→ Exercise: Everything in the data below except the pictures must be repeated word for word.

======== Recorded data

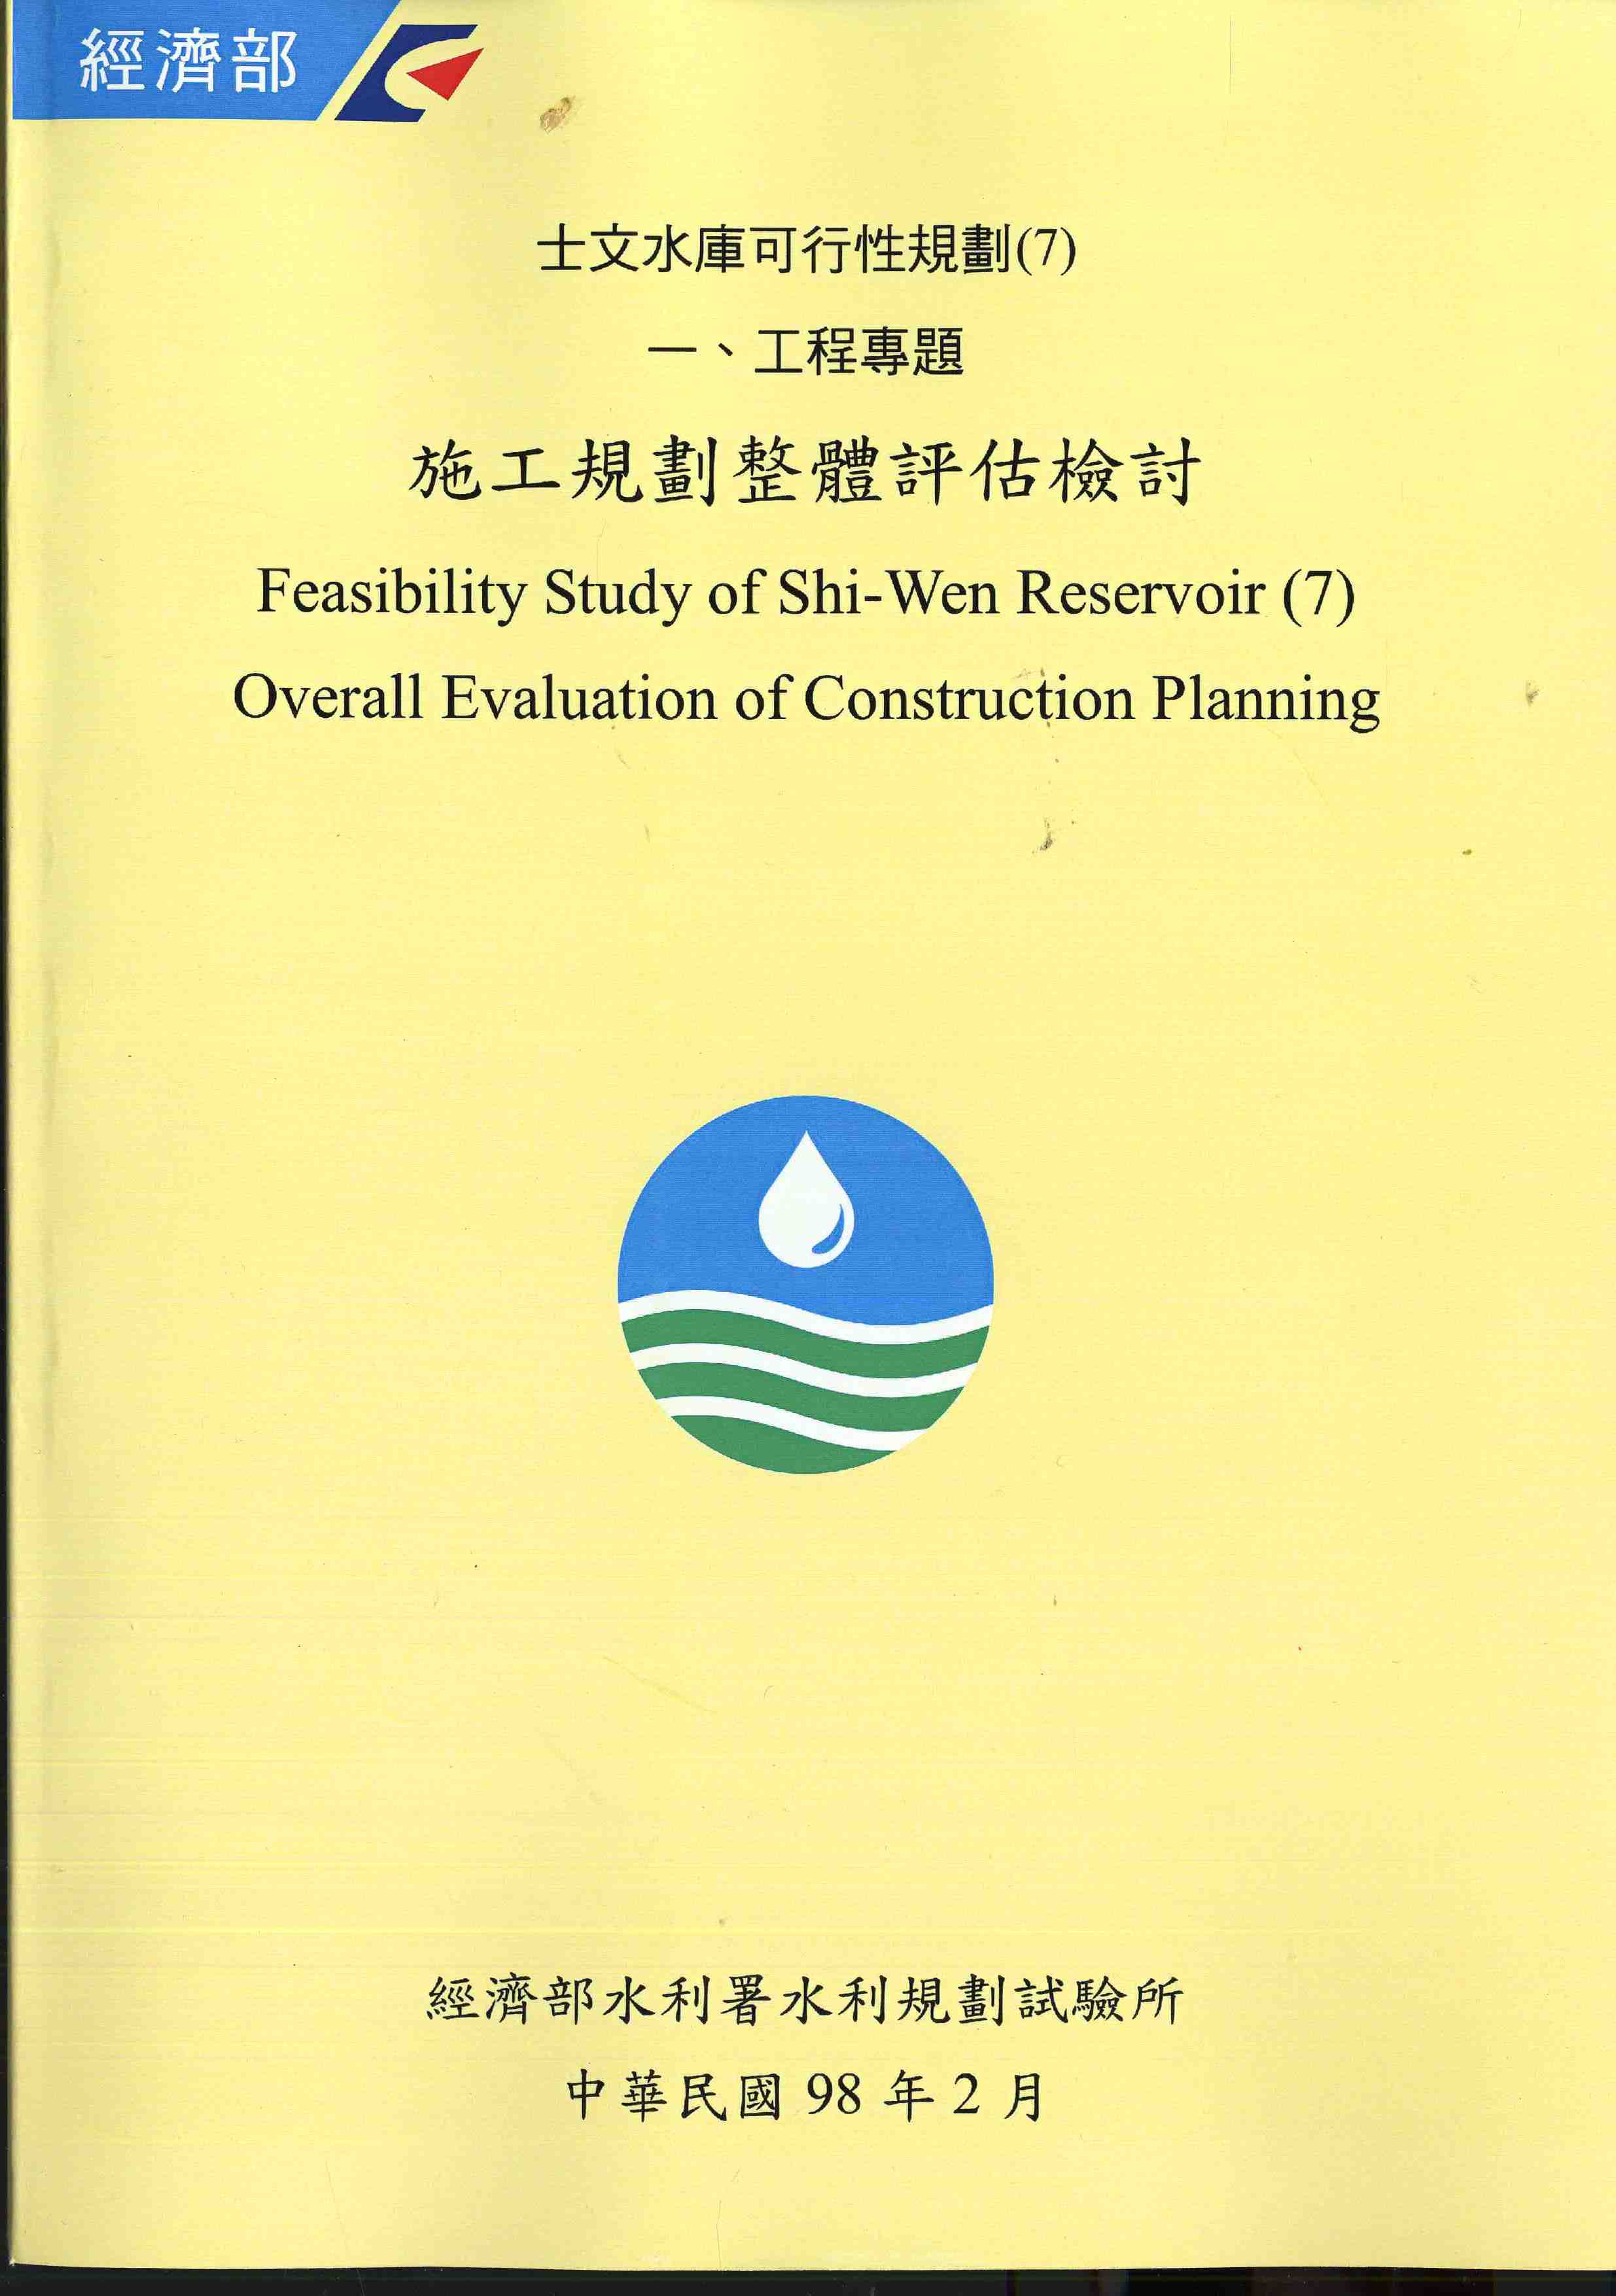 士文水庫可行性規劃(7) 一、工程專題  施工規劃整體評估檢討
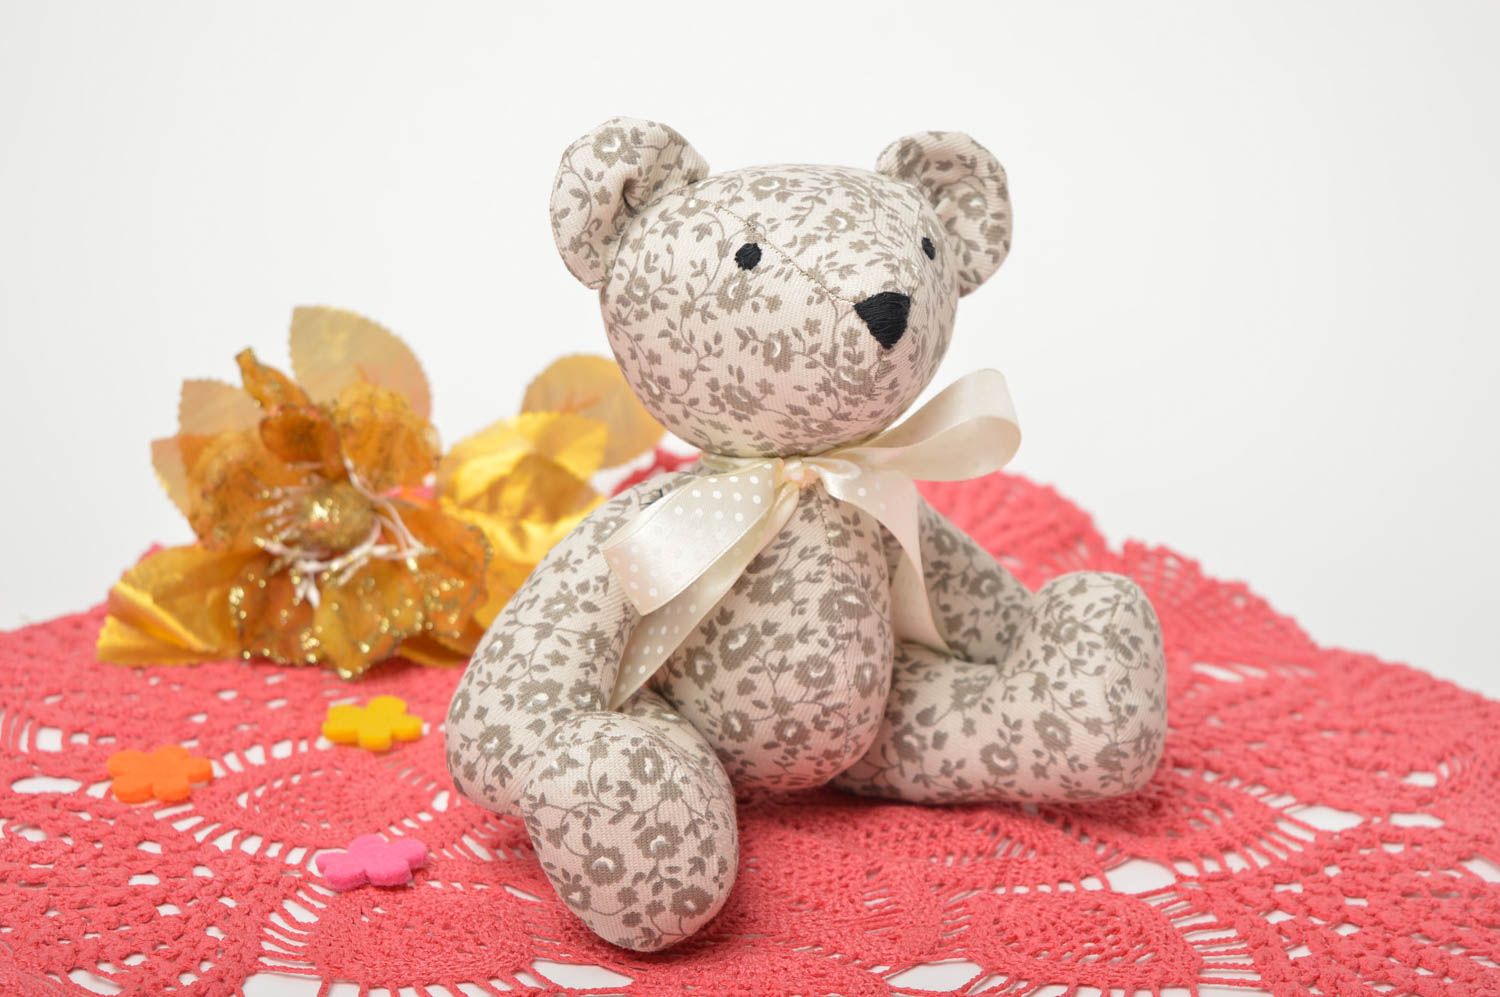 Interior stuffed toy present for children designer soft toy nursery decor photo 1
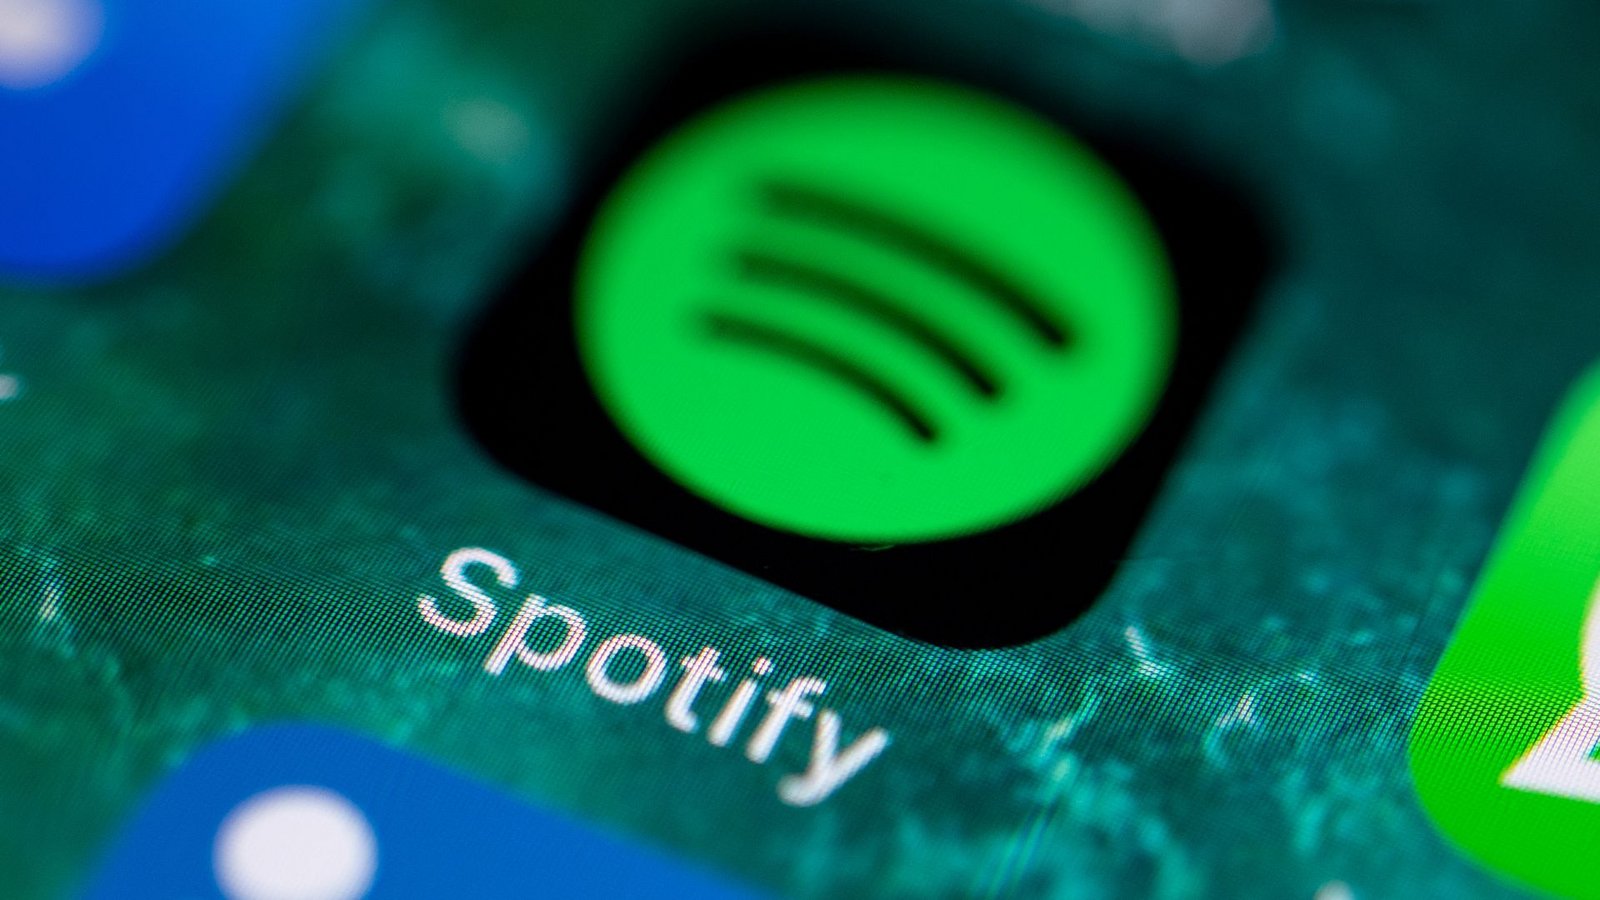 Der Musikdienst Spotify sieht sich bei seinen Wachstumsplänen auf einem guten Kurs.Foto: Fabian Sommer/dpa

================

→ Solution below:
 士文水庫可行性規劃(7) 一、工程專題  施工規劃整體評估檢討
 Interior stuffed toy present for children designer soft toy nursery decor photo 1
 Der Musikdienst Spotify sieht sich bei seinen Wachstumsplänen auf einem guten Kurs.Foto: Fabian Sommer/dpa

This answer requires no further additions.